New initiative will recognize colleges committed to Latine student success

Excelencia in Education has unveiled a new initiative aimed at identifying colleges focused on Latine student success and promoting strategies that support Latine student achievement. The Washington, D.C.-based nonprofit will begin awarding its “Seal of Excelencia” in January to colleges that reach certain benchmarks for performance on key indicators, implementation of evidence-based practices, and progress toward leadership standards that ultimately help Latine students excel during their college careers.

Although Excelencia in Education has not yet released exact benchmarks, the organization says it will evaluate colleges across five key metrics: Latine student enrollment; retention; completion; financial support; and representation across campus, from administrative roles to faculty positions.

Codifying what it means to effectively serve Latine students

Funded by The Bill and Melinda Gates Foundation and the Gilbert and Jacki Cisneros Foundation, the initiative aims to close the gap in Latine student success. Just 23 percent of Latine adults have obtained an associate’s degree or higher, and just 54 percent of Latine students earn bachelor’s degrees within a six year period, compared with 63 percent of white students, according to Inside Higher Ed.

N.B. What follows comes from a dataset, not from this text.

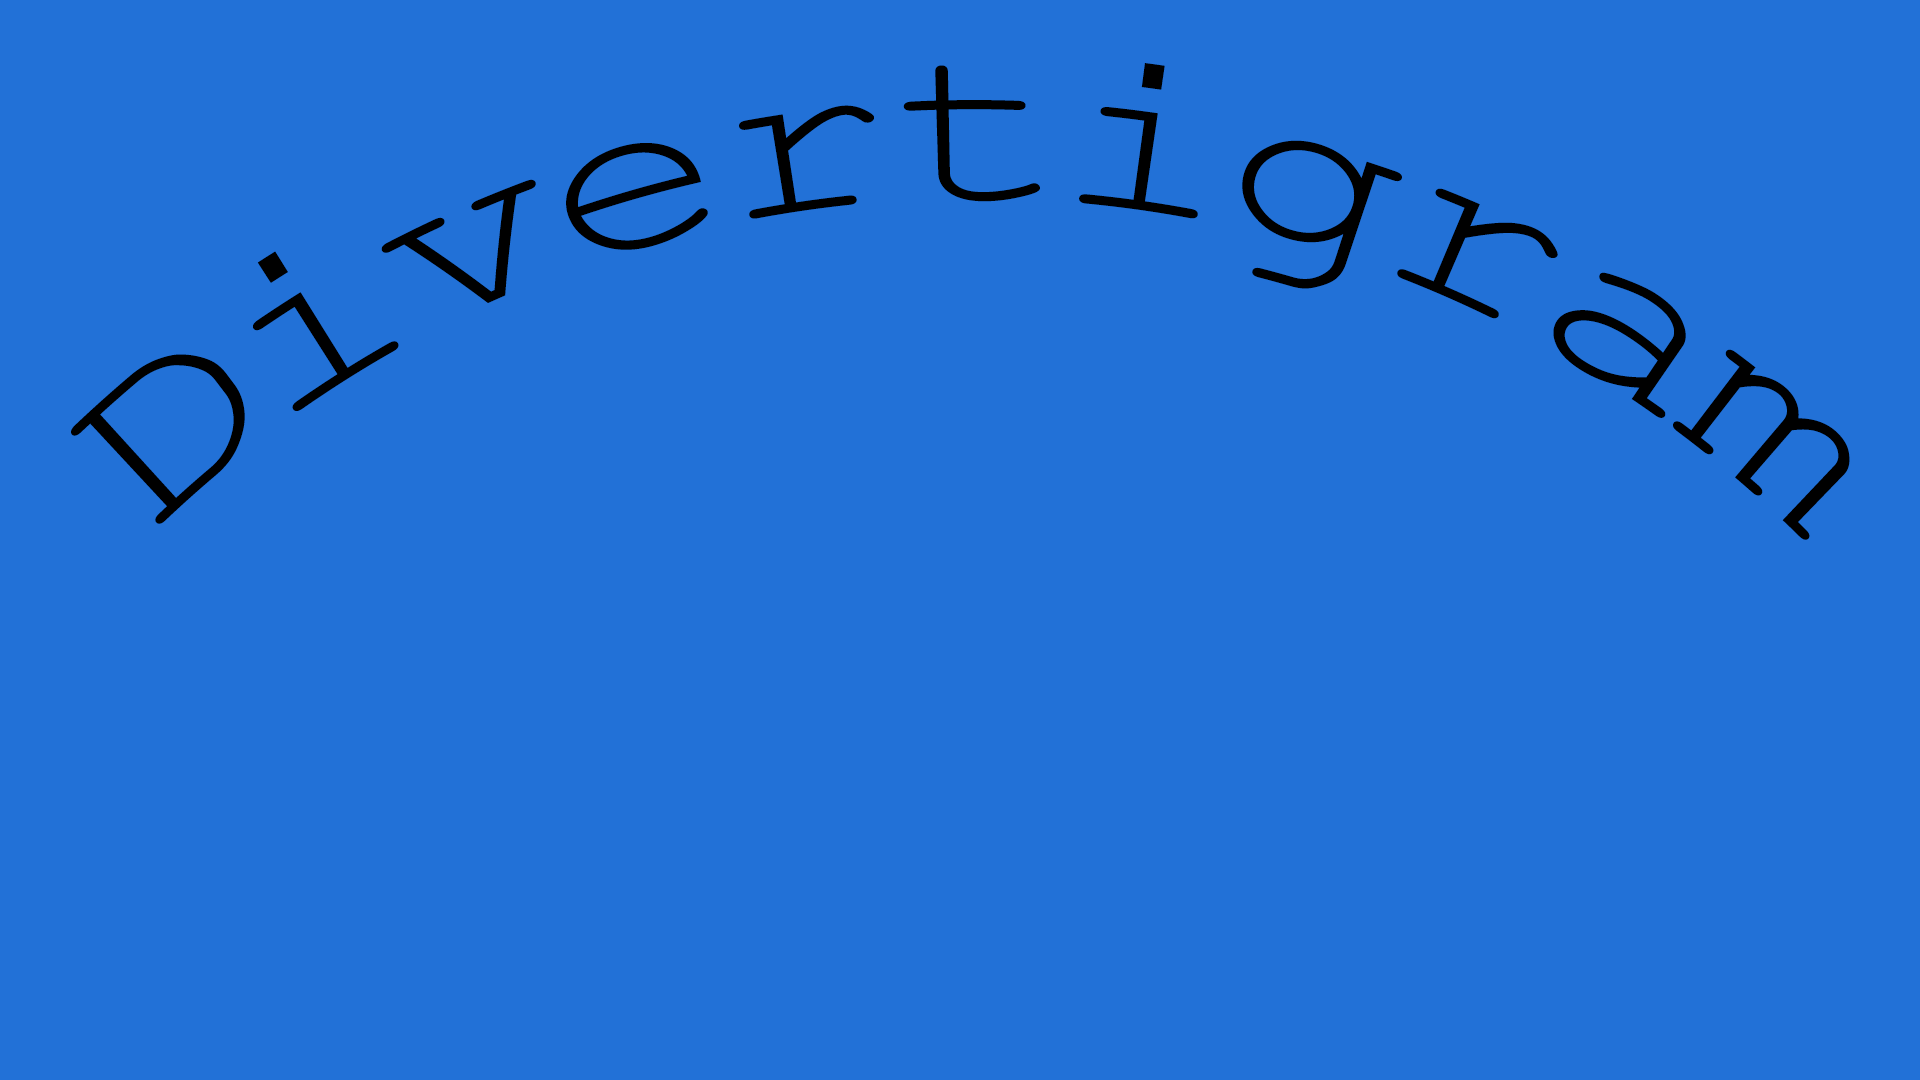 Divertigram

“Colleges and universities need to go beyond enrolling Latino students to serving Latino students,” Deborah Santiago, CEO of Excelencia in Education, said in a statement. She hopes this new designation will help institutions better support Latine students, in part “by codifying what serving Latino students means.”

Excelencia in Education also hopes the Seal of Excelencia will help students and families focus on schools that have “developed a comprehensive and systemic approach to accelerating Latino student success.” Excelencia in Education President Sarita Brown said the initiative “demonstrates the commitment to raise the bar, and measure how effectively institutions serve Latino students through to degree completion. While Latino college-going is improving, change must happen faster to increase the numbers of Latino college graduates.”